About 8 miles north of NOTL, the flat water began to get choppy, gradually building into the predicted 10 knot headwind. The wind produced half-meter waves, and occasionally produced sets of larger waves about 2 feet in height. The larger waves would have been more fun if we weren't still over 20 miles from our goal at night and in the dark.
As we paddled in the center of western Lake Ontario, I saw a small, dark shape dead ahead, and startled an apparently sleeping gull as I paddled within a foot or so of it. The bird took off suddenly, brushing its wings against my paddle blade, and flying across Patti's kayak in front of her face.

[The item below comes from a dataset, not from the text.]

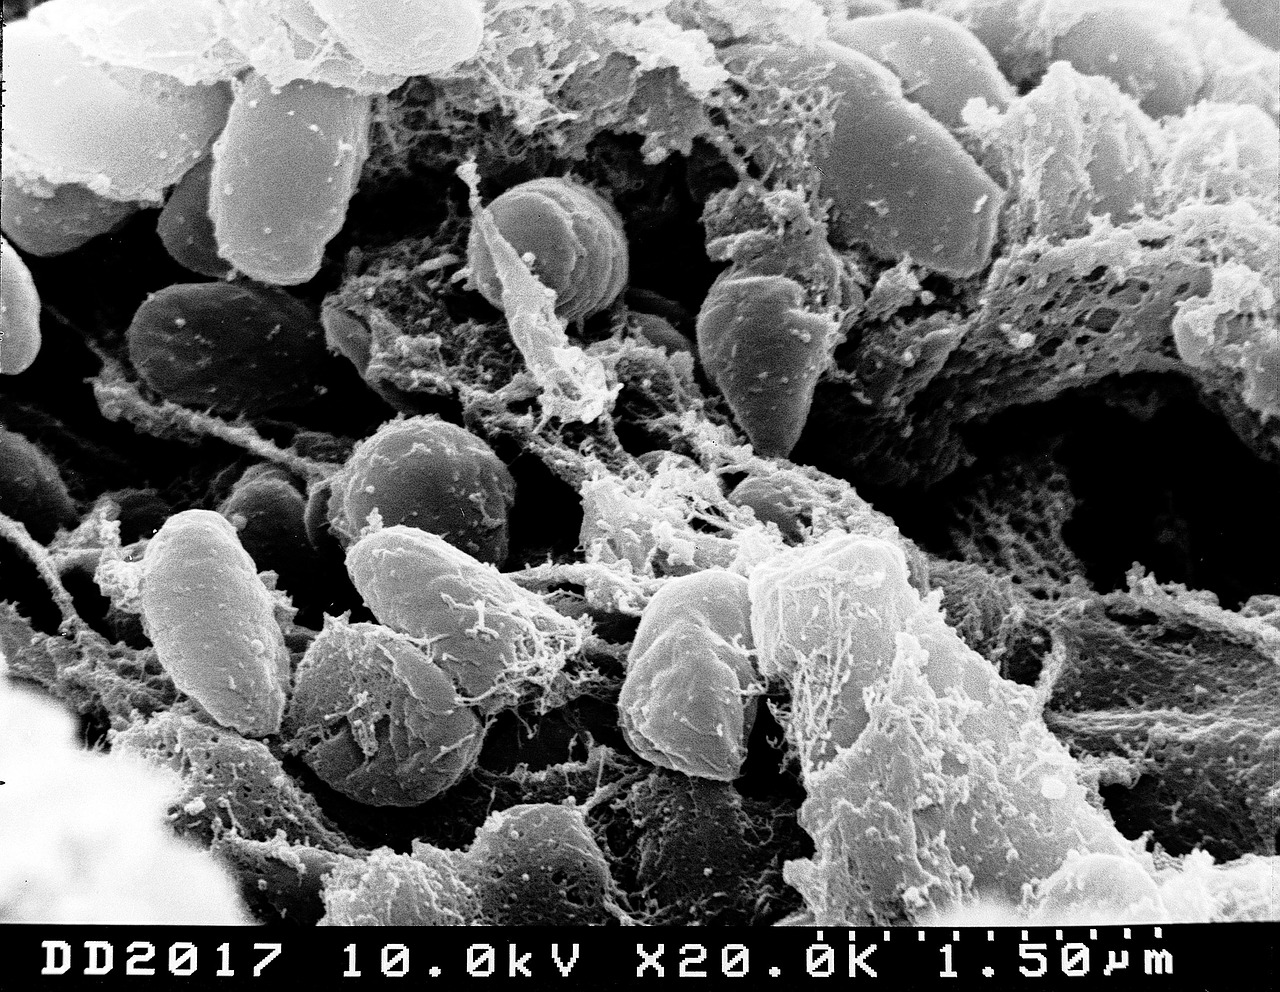 pestis bacteria bubonic plague free photo

We watched the sunrise while we approached Toronto, with the head wind persisting for most of the remaining 26 miles, only fading as we paddled close to the Ontario mainland in the city. Finally, we entered Toronto harbor and paddled our kayaks to the outfitter who had invited me to take out at his place of business. Harbourfront Canoe & Kayak had a nice carpeted ramp, and we were able paddle right up onto the green carpet to end our journey. Pete was there waiting for us as we celebrated and packed up our wet gear.
Prior experience in long-distance paddling, night paddling, and open water paddling in a sea kayak is strongly advised. It was a lot of hard work; I'm glad we did it, but that was the first and last annual trip from NOTL to TO!